Ive seen the multiple answers to a similar question where people have the error of duplicate 'row.names' are not allowed when importing one csv file into R, but I haven't seen a question for when you're trying to import multiple csv files into one data frame. So essentially, I'm trying to importing 104 files from the same directory and I get the duplicate 'row.names' are not allowed. I woud be able to solve the problem if i was only importing one file as the code is extremely simple, but when it comes to muliple files I struggle. I've tried a number of different ways of importing the data properly, here are a couple of them:

setwd("path")
loaddata <- function(file ="directory") { 
files <- dir("directory", pattern = '\\.csv', full.names = TRUE)
tables <- lapply(files, read.csv)
dplyr::bind_rows
}
data <- loaddata("PhaseReports")

Error:

Error in read.table(file = file, header = header, sep = sep, quote = quote, duplicate 'row.names' are not allowed

Another attempt:

path <- "path"
files <- list.files(path=path, pattern="*.csv")
for(file in files)
{
perpos <- which(strsplit(file, "")[[1]]==".")
assign(
gsub(" ","",substr(file, 1, perpos-1)), 
read.csv(paste(path,file,sep="")))
} 

Error:

Error in read.table(file = file, header = header, sep = sep, quote = quote, duplicate 'row.names' are not allowed

EDIT: For the second method, when I try read.csv(paste(path,file,sep=""), row.names=NULL)) it changes the title of my first column to row.names and shifts the data one column to the right.
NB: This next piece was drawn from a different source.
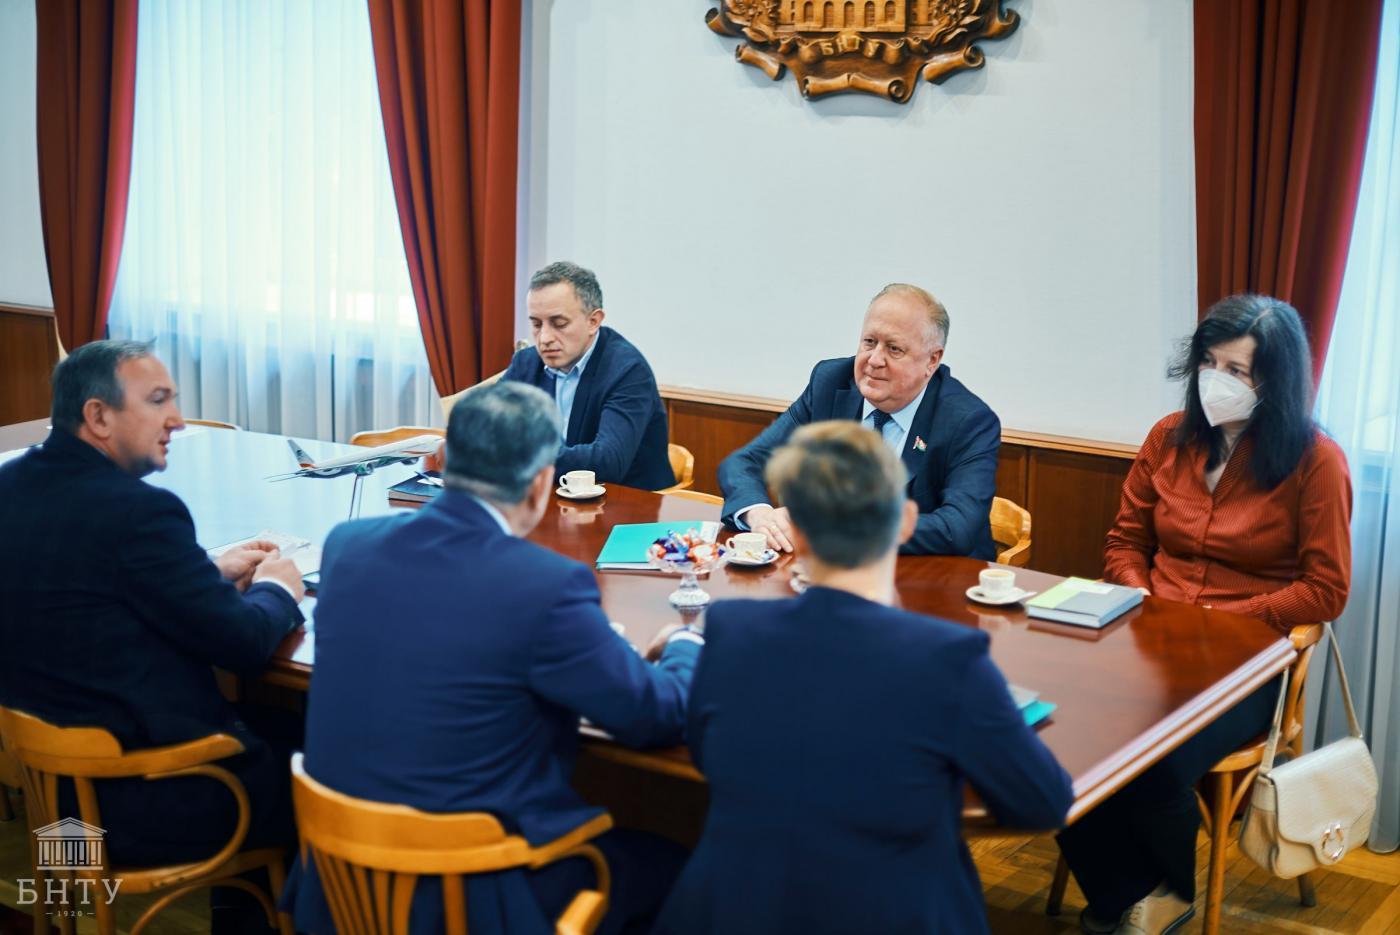 Комиссия по контролю за ходом подготовки и проведения вступительных испытаний в 2021 году посетила БНТУ

I tried putting

colnames(rec) <- c(colnames(rec)[-1],"x") rec$x <- NULL

under the last line and I get this error:

Error in `colnames<-`(`*tmp*`, value = "x") : 
attempt to set 'colnames' on an object with less than two dimensions

If there is a much easier way to import multiple csv files into R and I'm over complicating things don't be afraid to let me know.

I know this is a combination of two questions which have been answered plenty of times on stack, I didn't see if anyone had asked this specific question. Thanks in advance!

EDIT 2:

All of the individual files contain data like this:

Half,Play,Type,Time
1,1,Start,00:00:0`
1,2,,0:23:5
1,3,pass,00:03:76
2,4,start,00:04:76
2,5,pass,00:06:92
2,6,end,00:08:00 
1
Forgot to say that I've already tried that. See edits.useR
The error seems to come from the read.csv which means it doesn't matter than you are trying to read multiple files. One of those files has bad row names. Do you think your input files have row names? R assumes that when your header row as one fewer value than your data rows. Without some sample data to make a reproducible example it's near impossible to offer specific help. Also, calling dplyr::bind_rows without any parameters is pretty weird.MrFlick
I will make some example data up and add it to the question. Thanks!useR
I have edited the question accordinglyuseR
I would guess that one of your files is malformed. Try reading subsets of the complete file list till you find the culprit.MrFlick

1 Answers

1
votes

Although this may not solve your problem, you could try to skip the headers while you are reading the files and put it afterwards. So something like (in some of your approaches):

read.csv("Your files/file/paste", header = F, skip = 1)

This will skip the header and hopefully will help with the duplicate row names. The full code to do it could be:

my_files <- dir("Your path/folder etc", pattern = '\\.csv', full.names = TRUE)
result <- do.call(rbind, lapply(my_files, read.csv, header = F, skip = 1))
names(result) <- c("Half","Play","Type","Time")

You can put the header later (the names(result) line does that). If you still have problems I would suggest creating a loop like this:

for (i in my_files){
        print(i)
        read.csv(i)

}

And then see what is the last file name printed before you get an error. This one should be the one you should investigate. You could look whether a row has more than 3 commas because I think that this will be the problem. Hope it helps!